Michelle Obama got bangs, y’all! And people are freaking. Out. Meanwhile, how Jane Fonda in Klute is she right now?

– Disgraced former Dior designer John Galliano is starting down the comeback  catwalk with the help of Oscar de la Renta.

halle-mini-halle– For some reason, kid versions of Golden Globe red carpet looks exist. And Halle Berry is getting seriously overshadowed by her mini-me.

– For his next role in the meta art project known as his film career, James Franco‘s putting away the blow jobs and picking up the blow dryer as legendary Hollywood hairdresser Jean Sebring.

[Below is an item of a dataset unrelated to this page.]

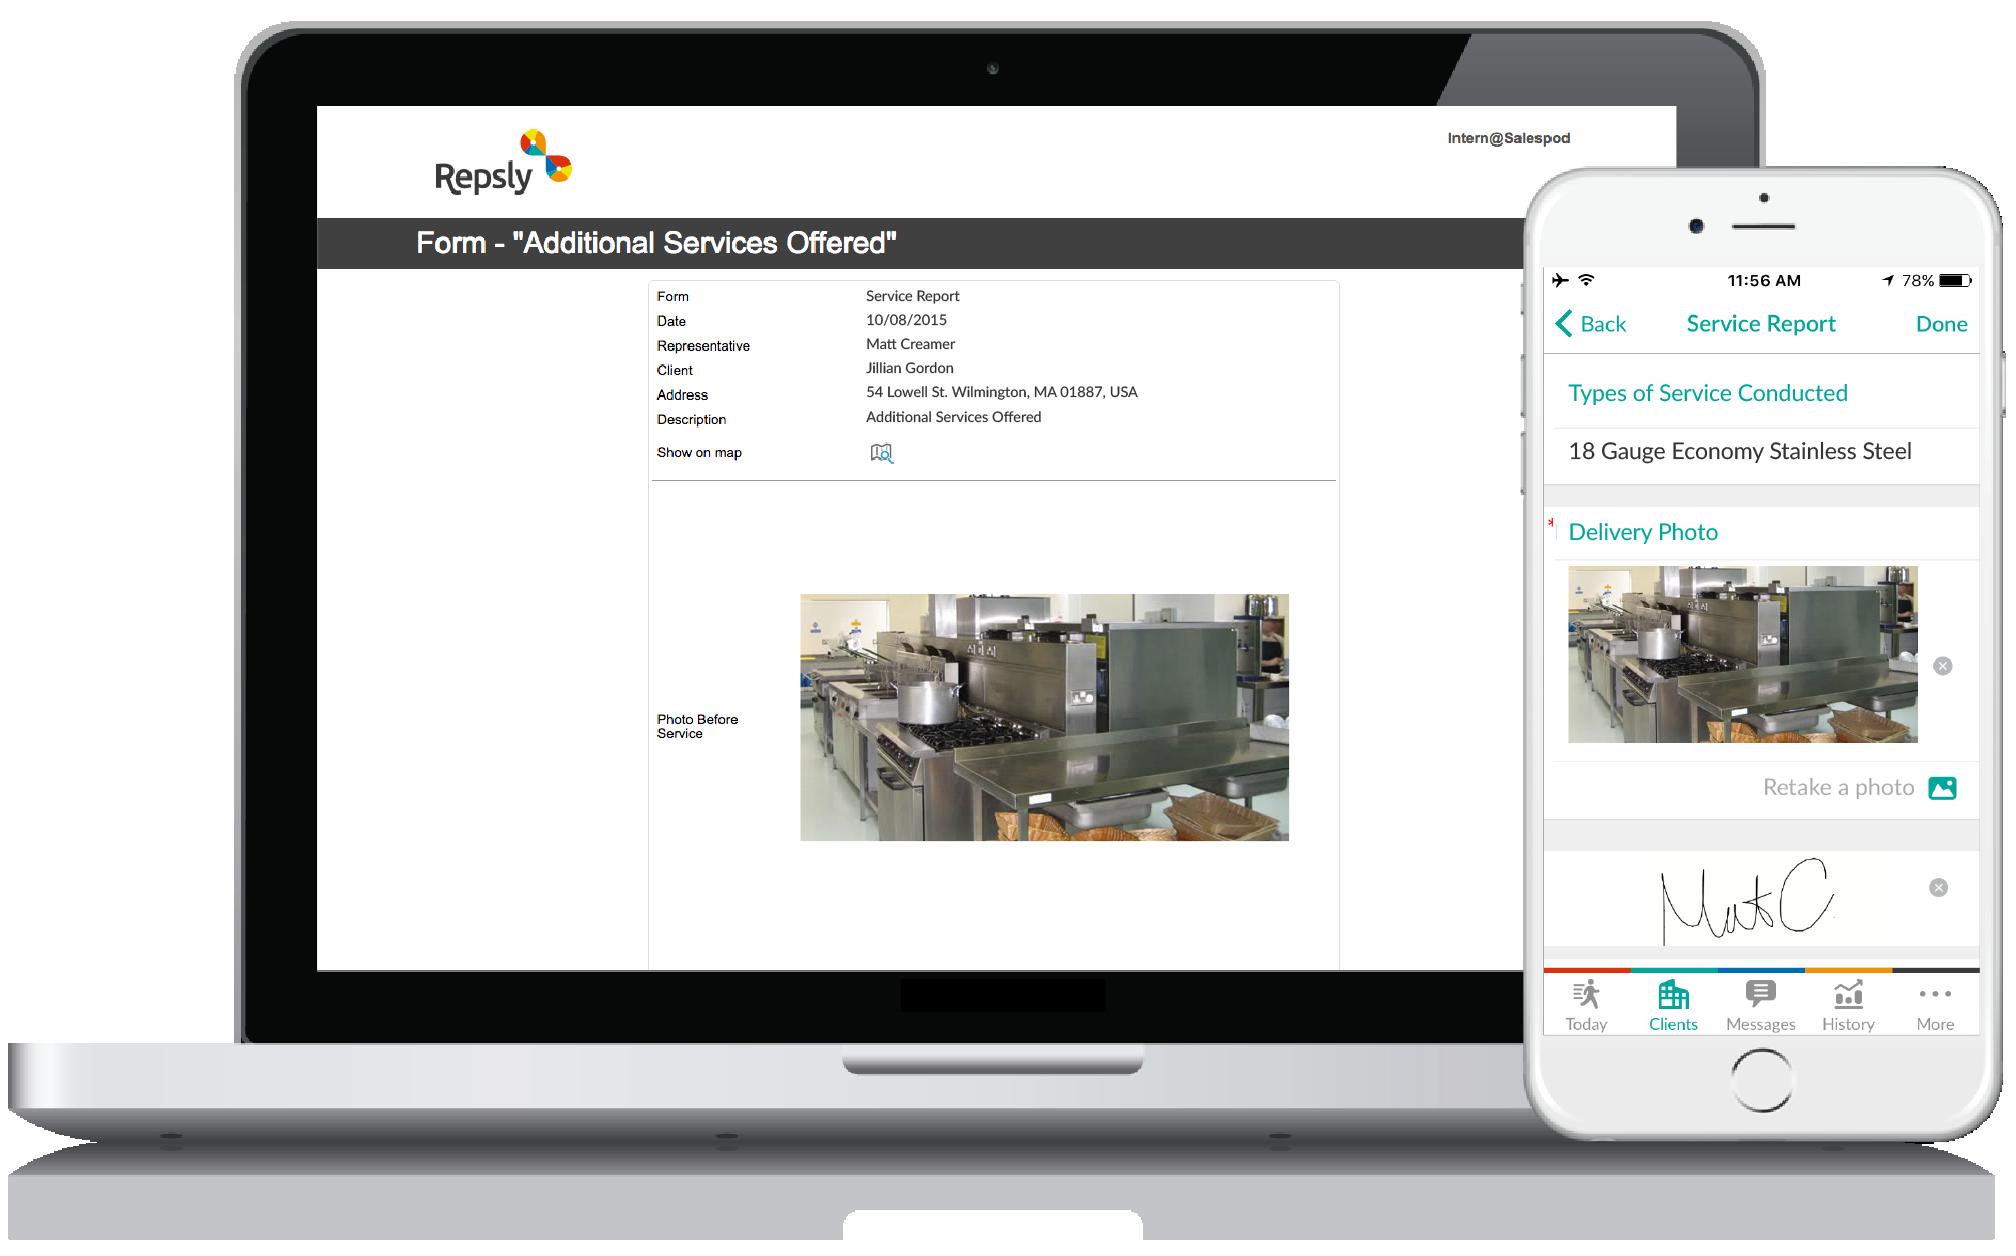 Restaurant Sales Software Mobile forms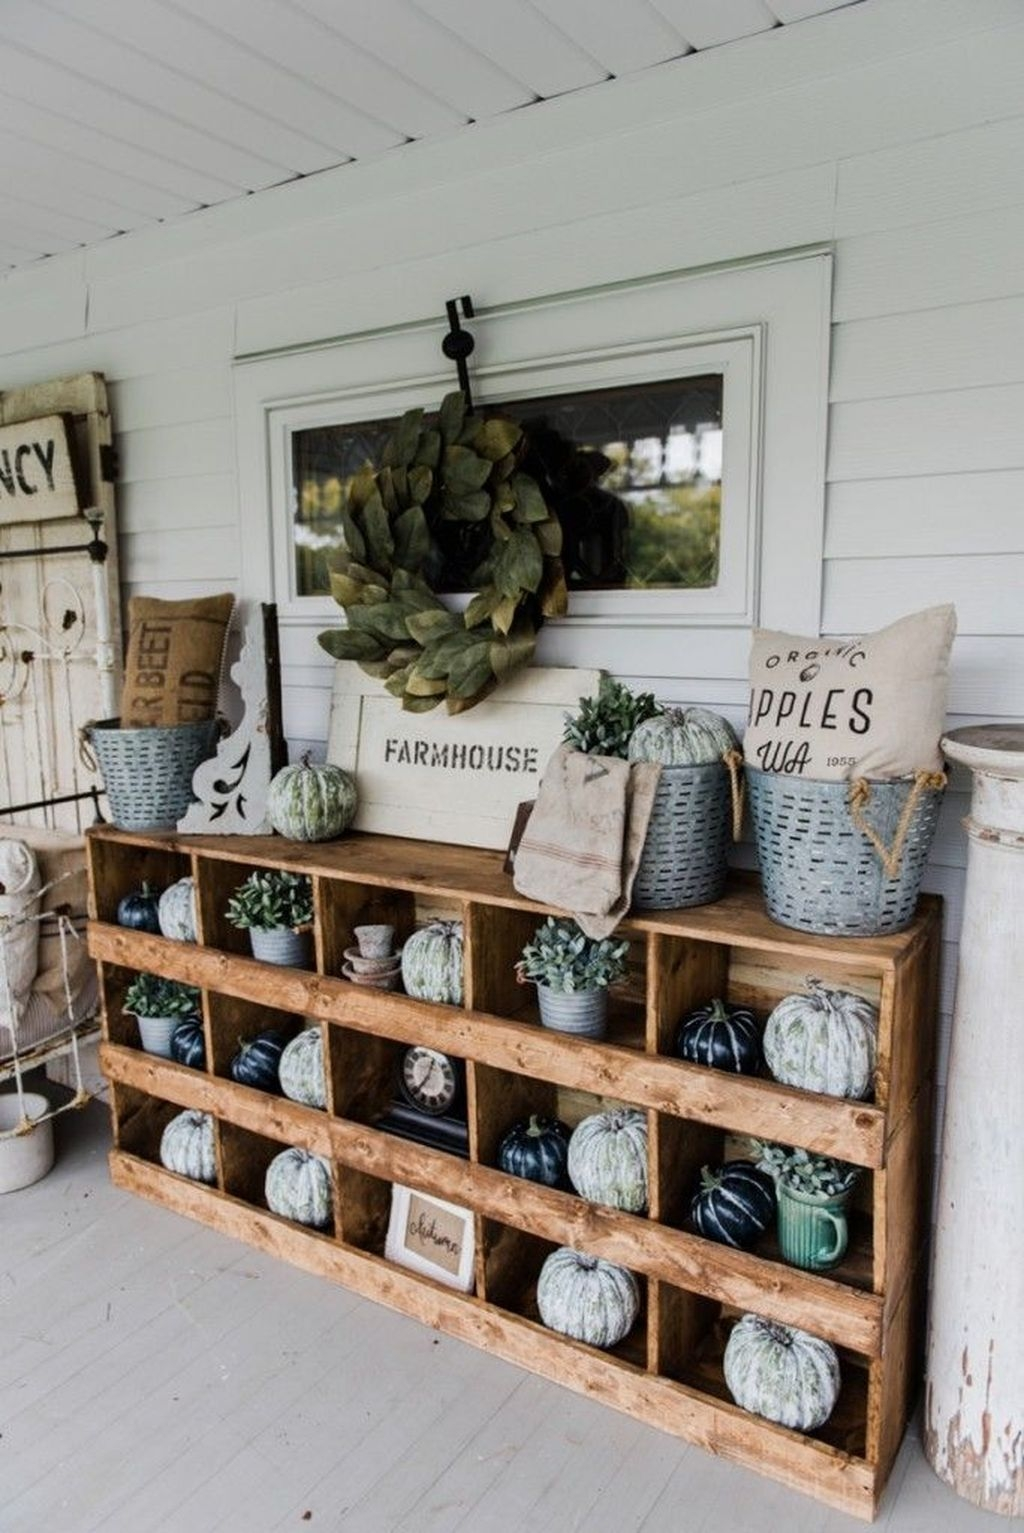 Amazing Diy Farmhouse Home Decor Ideas On A Budget 26

– Once she stops getting knocked up, Jessica Simpson will star in an as-yet-untitled NBC sitcom about her life.

Lena Dunham didn’t take offense to Howard Stern calling her fat, but instead called into his show and said she wants one of his quotes on her gravestone: “she was a little fat chick and she got it going.”

Mariah Carey and Nicki Minaj managed to put aside their differences on last night’s American Idol and agreed that stutterer turned singer Lazaro Arbos is a superstar in the making:

– Mimi and Nicki’s back-and-forth bitchery didn’t help Idol‘s rating any, however, as the show’s 12th season premiered with its lowest numbers ever.

– Though Tina Fey was only (kinda) joking about Taylor Swift dating Michael J. Fox’s son, Sam, Papa Fox would not approve and sprouted  a shady sequoia to prove his point.

– Also joining the T. Swift Shade Parade, Bradley Cooper. The songstress tried to use Cooper’s Silver Linings Playbook co-star Jennifer Lawrence to get into his totally heterosexual pants, but he was having none of it.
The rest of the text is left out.